HMS Somerset (1698)
|Builder:||Lee, Chatham Dockyard|
|Launched:||31 May 1698|
|Fate:||Broken up, 1740|
|General characteristics |
|Class and type:||80-gun third rate ship of the line|
|Tons burthen:||1263 70⁄94 (bm)|
|Length:||158 ft (48.2 m) (gundeck)|
|Beam:||42 ft 9 in (13.0 m)|
|Depth of hold:||17 ft 10 in (5.4 m)|
|Sail plan:||Full rigged ship|
|Armament:||80 guns of various weights of shot|
She served as Admiral Sir George Rooke's flagship at the battle of Vigo Bay on 12 October 1702. A powerful fleet of Anglo-Dutch warships had been assembled under Admiral Rooke, as Commander-in-Chief, to attack and capture Cádiz. Some footholds were gained near the city but after six weeks of vacillation the allied fleet retired ignominiously on 18 September. Rooke was not prepared to return home empty handed. On his homeward journey he learned of a valuable Spanish treasure fleet that had anchored at Vigo Bay in north-west Spain. Rooke arrived to discover that the Marquis de Châteaurenault, the French admiral, had laid a boom defence of masts across the inner harbour, covered by guns from sea and land, and had positioned his largest men-of-war to cover it. Admiral Thomas Hopsonn, aboard his flagship, the 80-gun HMS Torbay, was ordered to break the boom while the Duke of Ormonde's troops assaulted the forts. The Anglo-Dutch fleet followed astern of Hopsonn, capturing every ship not already burnt by the French, along with considerable treasure. A total of thirty-four French and Spanish ships were captured, destroyed or driven ashore.

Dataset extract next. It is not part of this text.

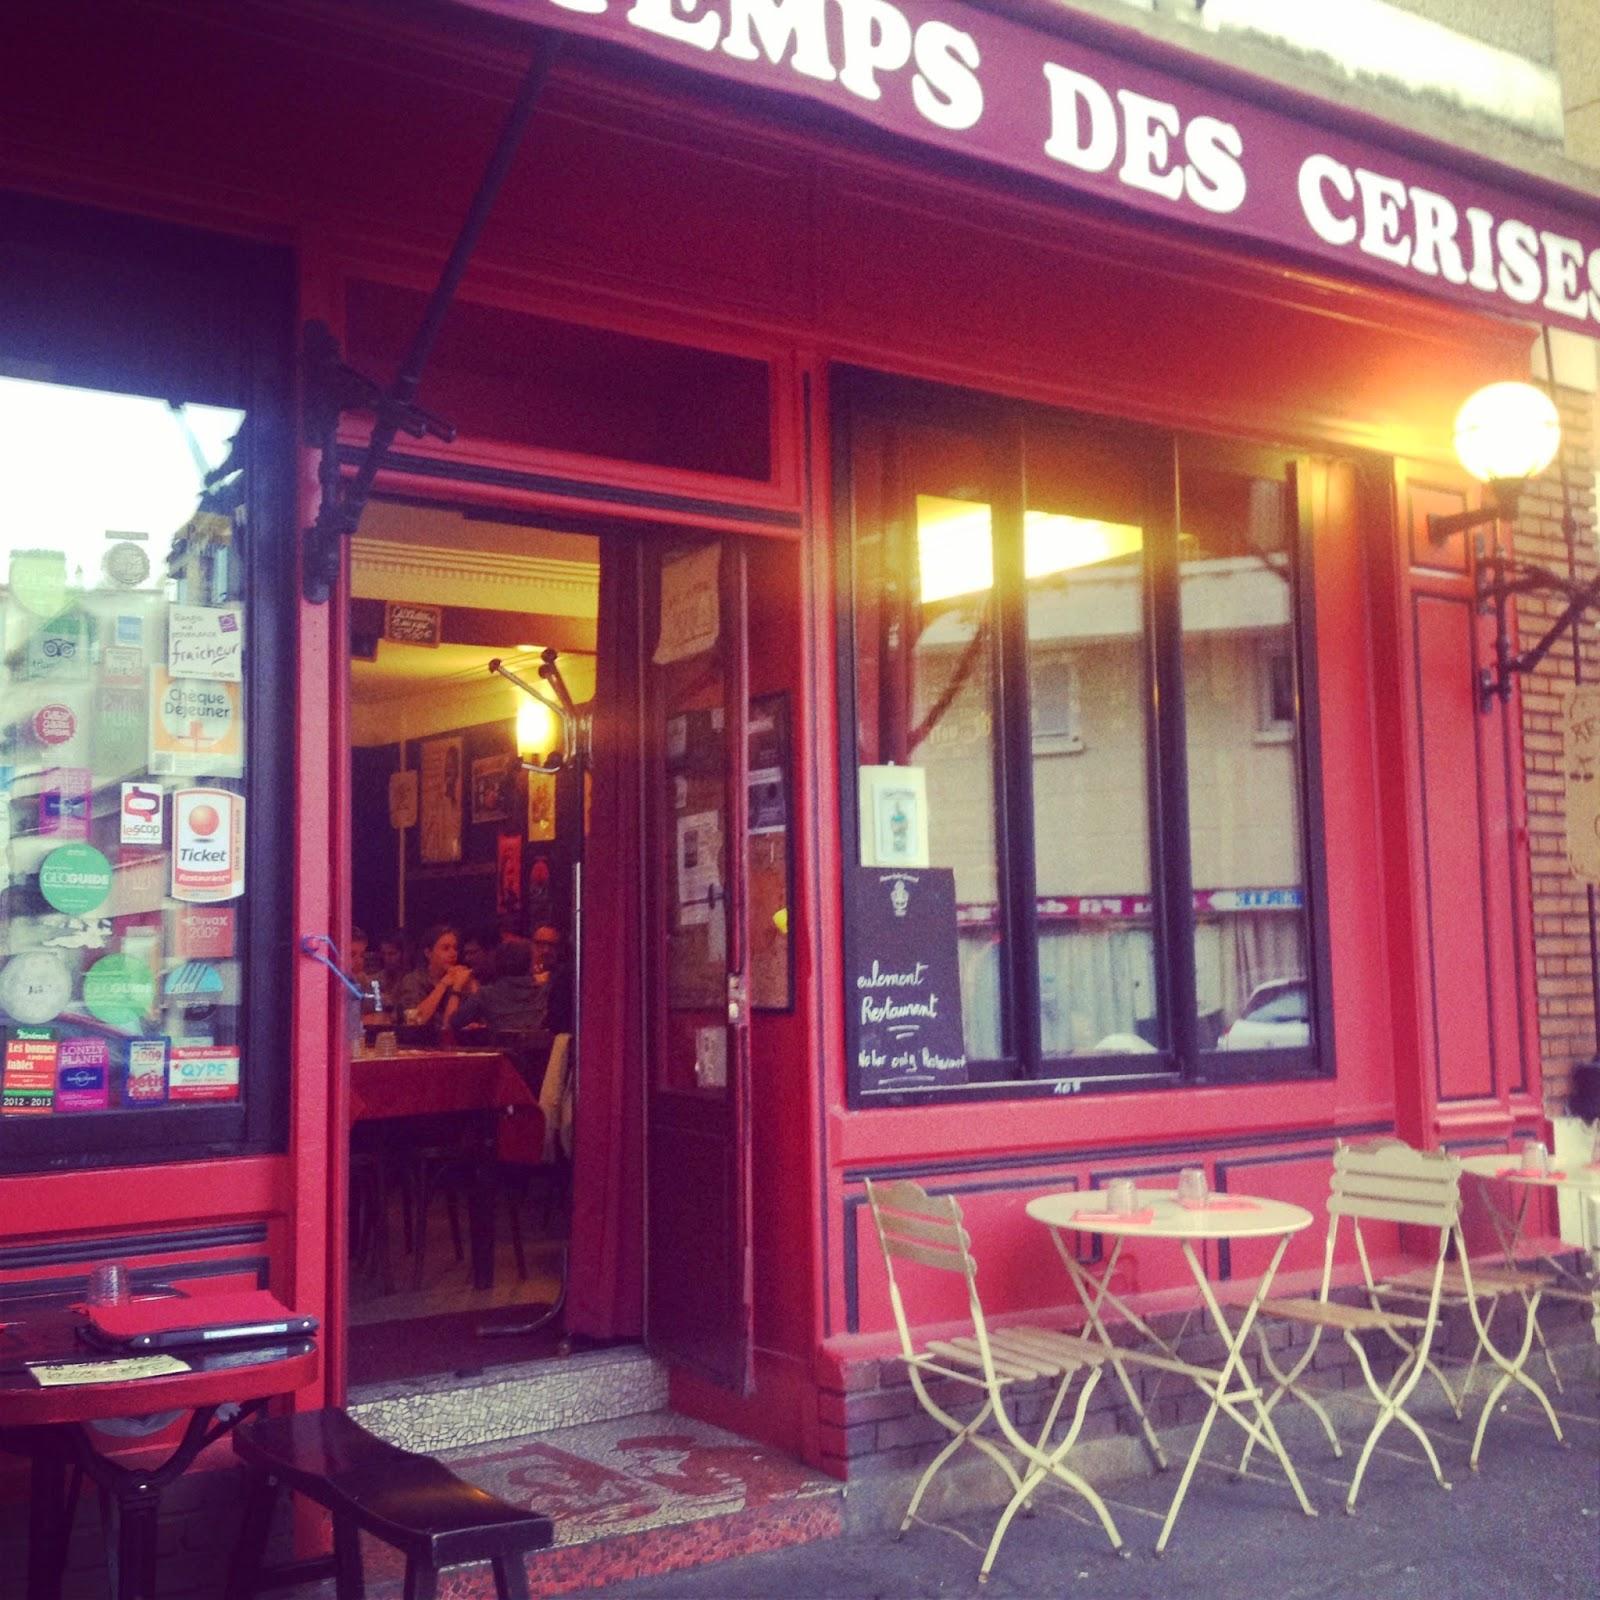 La butte aux cailles paris resto le temps des cerises - Restaurant buttes aux cailles ...

The battle of Vélez-Málaga on 13 August 1704 was the only fleet action fought at sea during the War of the Spanish Succession (1701–14), and it was inconclusive. Each fleet included fifty one ships of the line and the action was fought in strict line order. The Anglo-Dutch commander-in-chief was once again Sir George Rooke, flying his flag in HMS Royal Katherine, while his Franco-Spanish opposite number was the Comte de Toulouse, in the 104 gun Foudrayant. Although the battle itself was indecisive and neither side lost a ship, the casualties were heavy and it put an end to the Franco-Spanish attempt to capture Gibraltar.

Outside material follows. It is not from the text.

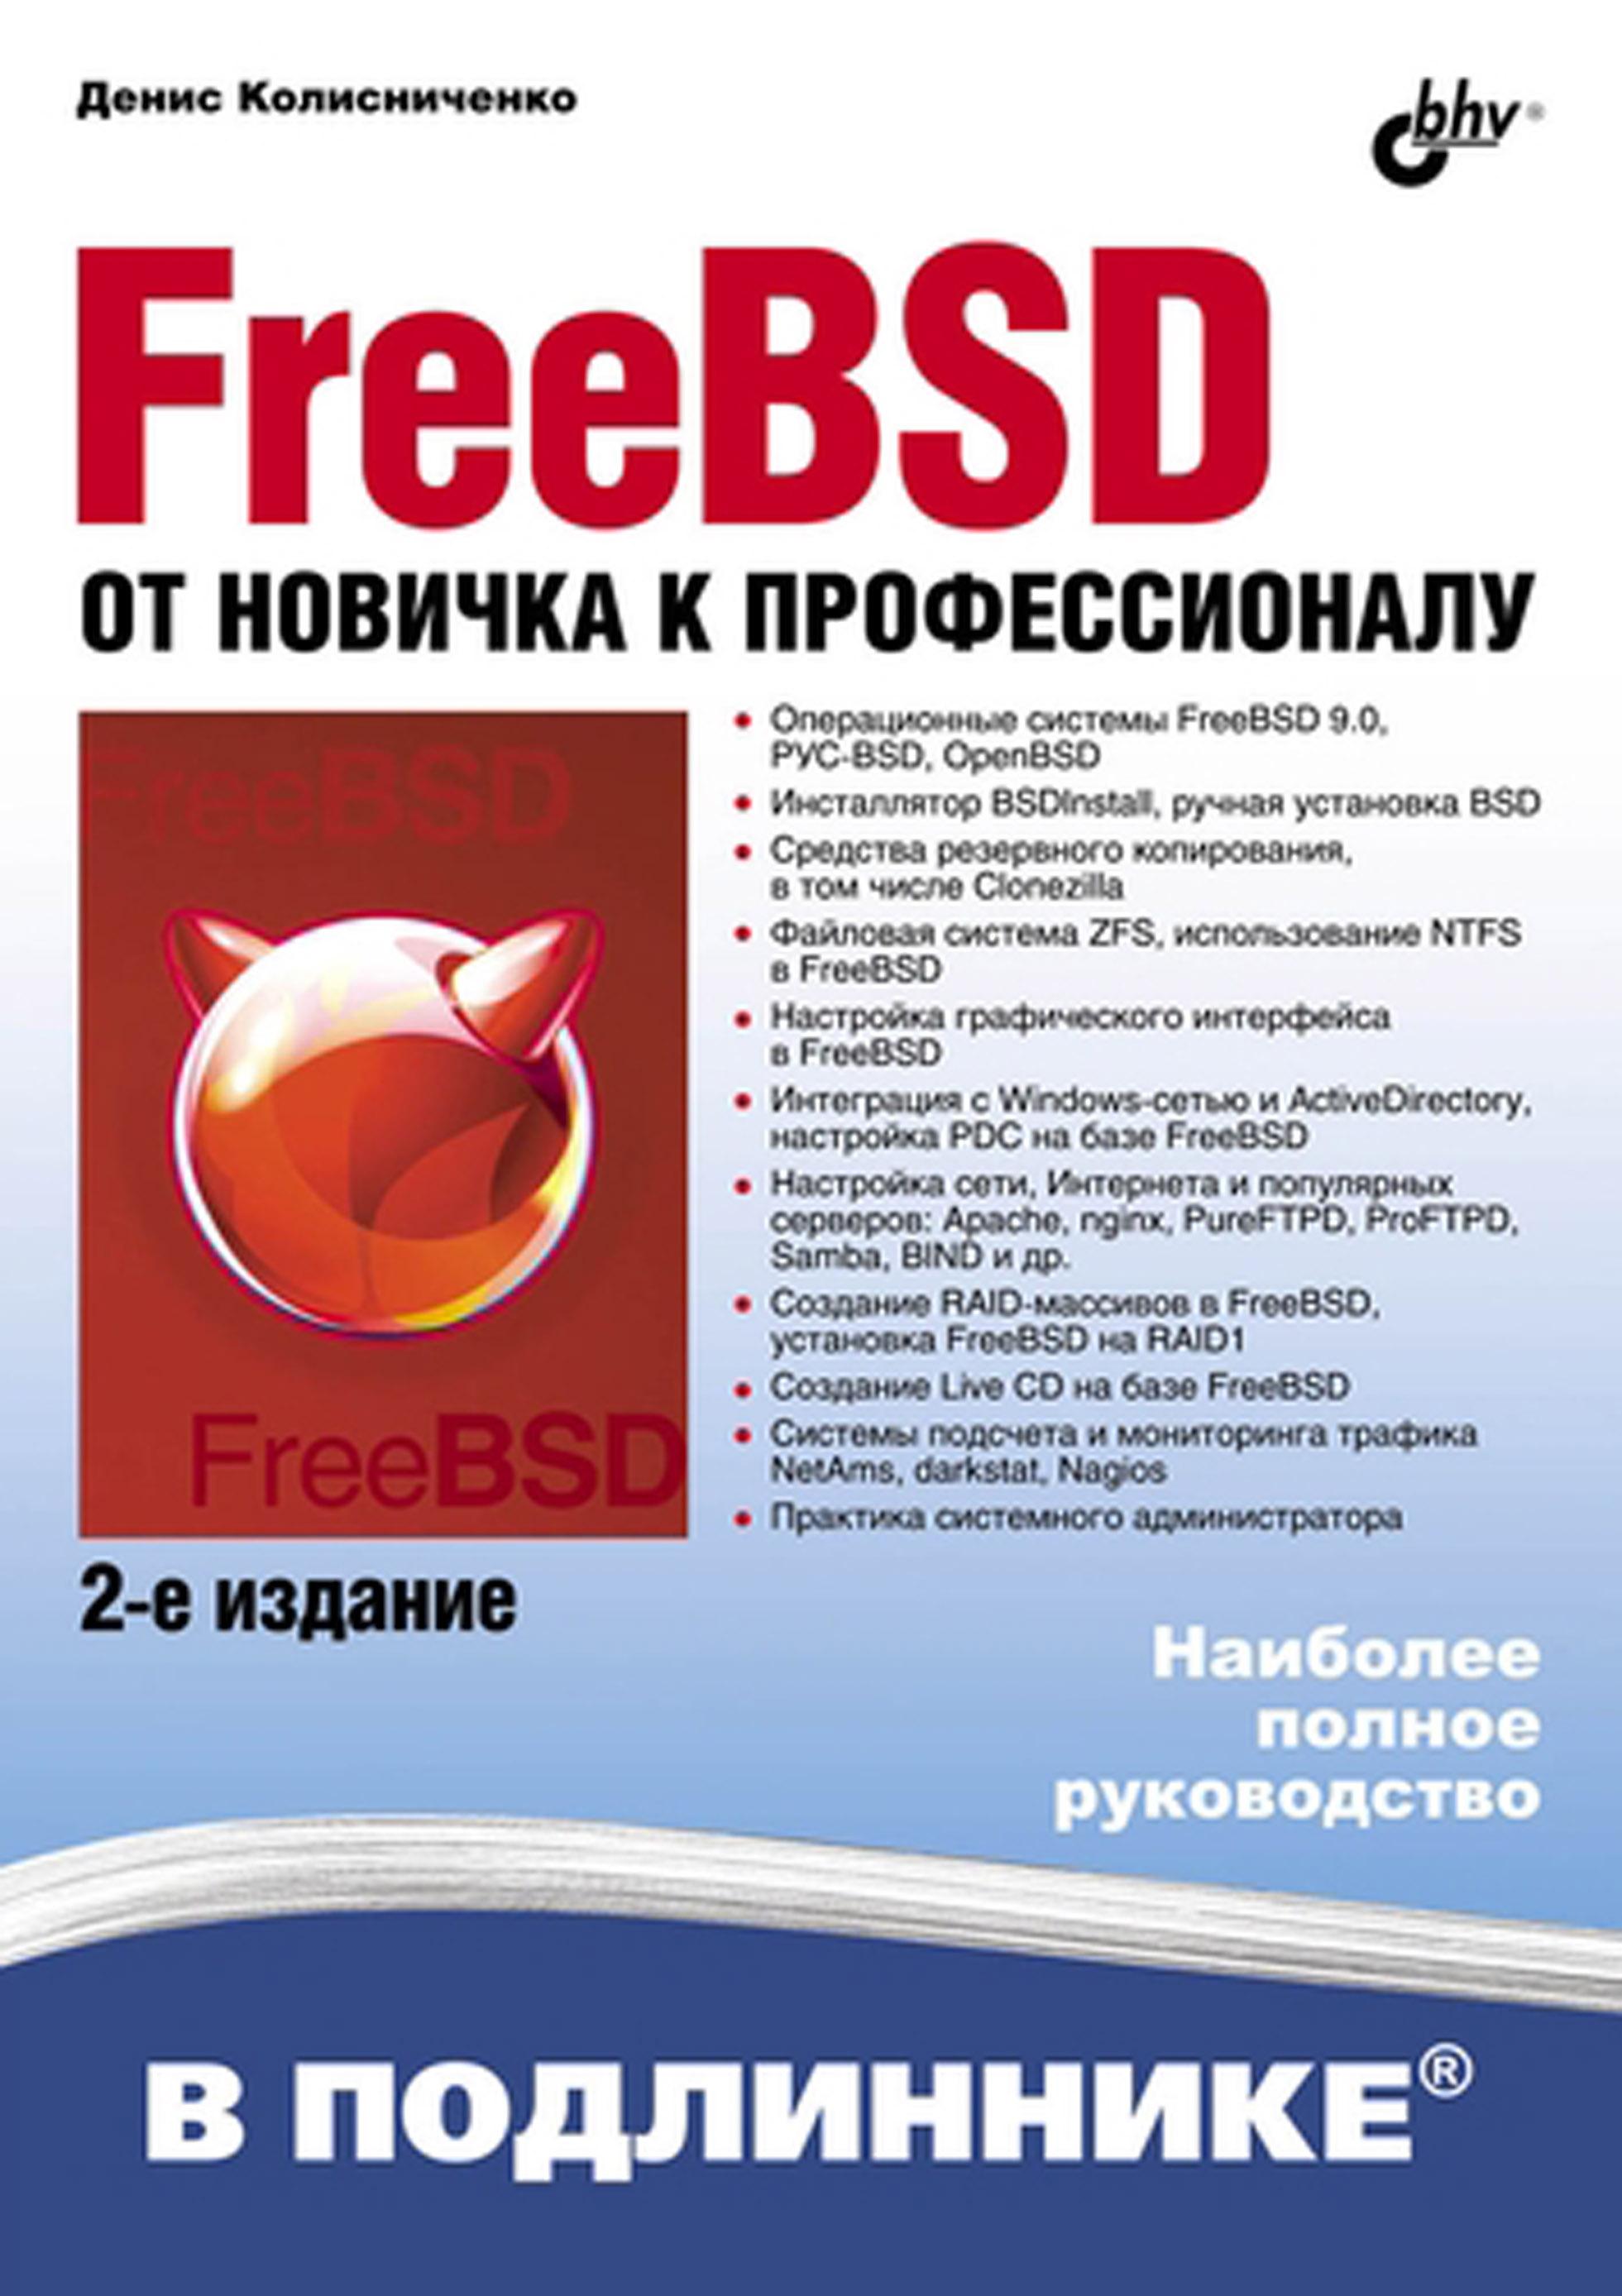 FreeBSD.От новичка к профессионалу (2-е издание)

In 1707, Somerset was part of Admiral Sir Cloudesley Shovell's fleet. She saw action during the Battle of Toulon and was present during the great naval disaster off the Isles of Scilly when Shovell and four of his ships (Association, Firebrand, Romney and Eagle) were lost, claiming the lives of nearly 2,000 sailors. Somerset suffered little to no damage and finally managed to reach Portsmouth.
Somerset was hulked in 1715, and was broken up at Woolwich in 1740.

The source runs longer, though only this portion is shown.